The separation of powers and how it played out last month

[This is written for secondary school students and others who asked about it.]

The Westminster  system of Government we adopted in 1975, adheres to the principle of the separation of   powers.

This means the three arms of government – Parliament, the Judiciary and the executive can’t interfere with each other’s decisions.

They are  independent, free functioning arms of government  that uphold the  laws of Papua New Guinea. The courts can’t tell the parliament what to do. The PM and his Cabinet can’t be dictated to by the courts and  parliament can’t make the courts and the executive do its bidding.

But over the four decades, the system has been put to the test.  Pushed to its limits by aggrieved politicians and bureaucrats, the three arms appear to  have always survived the pressure.

In recent years,  the courts have become like a  principal, adjudicating over disagreements brought to the office  from the classroom  and the playground.  It has become like the last resort, used by those within the government system to prove or disprove interpretations of law or settle disputes arising from either one of the other two arms of government.

Former Chief Justice Sir Arnold Amet, who saw  his share of politicians running to the courts

Three weeks ago,  a five man  supreme court bench handed down a ruling related to  matters of parliament.

The supreme court reference from opposition leader, Belden Namah sought to clarify if sections of the constitution were breached when the speaker unilaterally accepted the withdrawal of  Peter O’Neill’s nomination as Prime Minister on the floor.

On May 19th last year, Peter O’Neill resigned as Prime minister leaving a vacancy in the  top post.   On the 30th parliament  was recalled and the speaker called for nominations for the PM’s post.  Enga Governor, Peter Ipatas nominated James Marape and Patrick Pruaitch nominated Peter O’Neill.

After O’Neill accepted the nomination, Rabaul MP, Dr.
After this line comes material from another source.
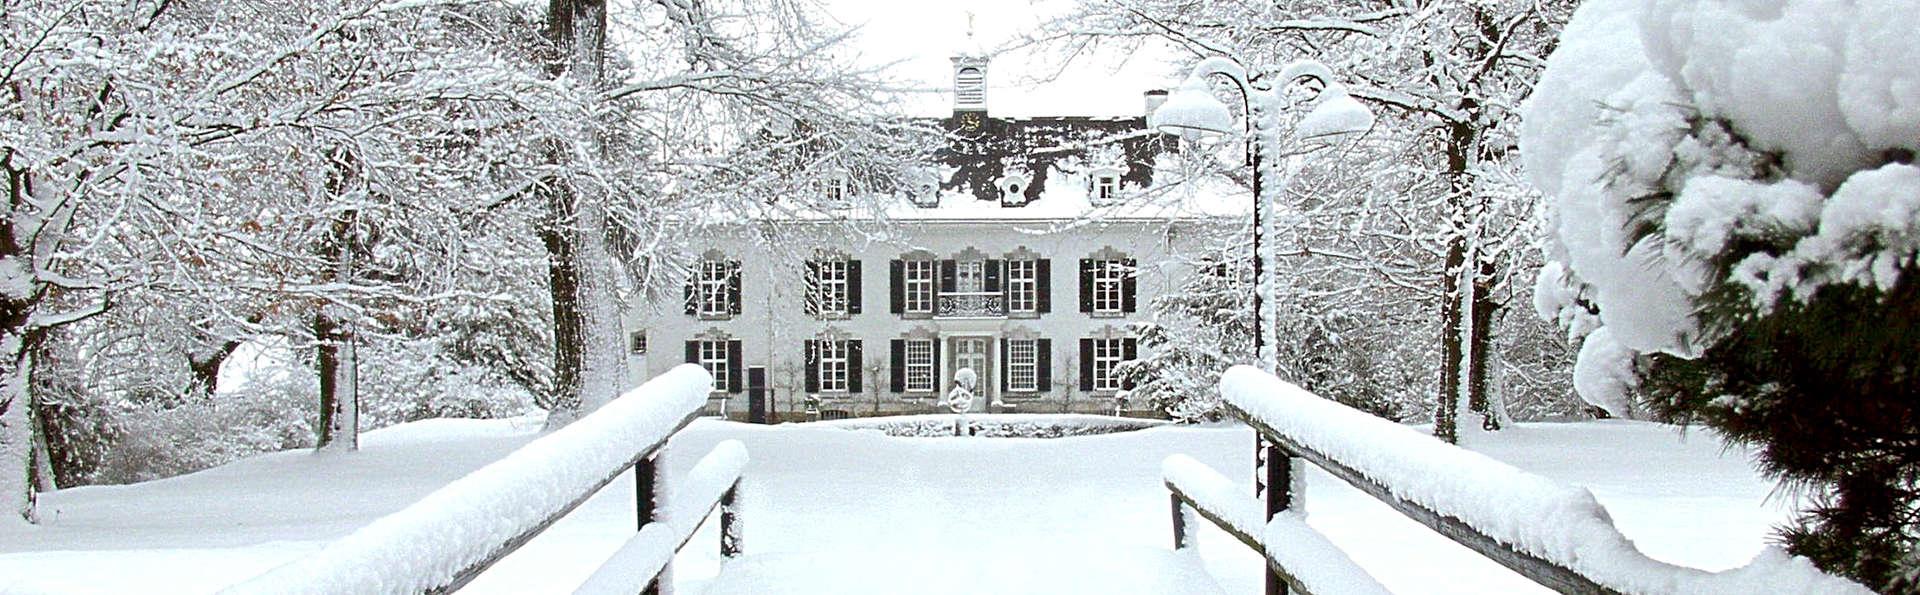 Bilderberg Kasteel Vaalsbroek  - EDIT_NEW_SNOW.jpg

Allan Marat  nominated Sir Mekere Morauta.  Immediately after  the speaker closed nominations, Peter O’Neill withdrew his nomination leaving just Marape and Sir Mekere.

The nomination and withdrawal caused confusion and uncertainty. 

But the court found, through its interpretation that while there was  room to raise those concerns on the floor of parliament – which is , the appropriate forum as per the principles of separation, nobody questioned the decision by the speaker to accept the withdrawal  of nominations.

What happened then in that short space of time in parliament on the 30th of May 2019,  and in the minds of those present  is left to interpretation.  It could have been that the urgency to elect a new Prime Minister rendered questions over O’Neill’s nomination withdrawal unnecessary.

Those decisions were brought to the courts for interpretation.

The Court made a ruling that it could not make a decision on matters of parliament and,  upholding the principle of the separation of powers, the five judges basically said,  the speaker exercised his authority  within the realm of parliament.  

And therefore the matter was non-justiciable… meaning the courts could not make a decision as it was not in their power to do so.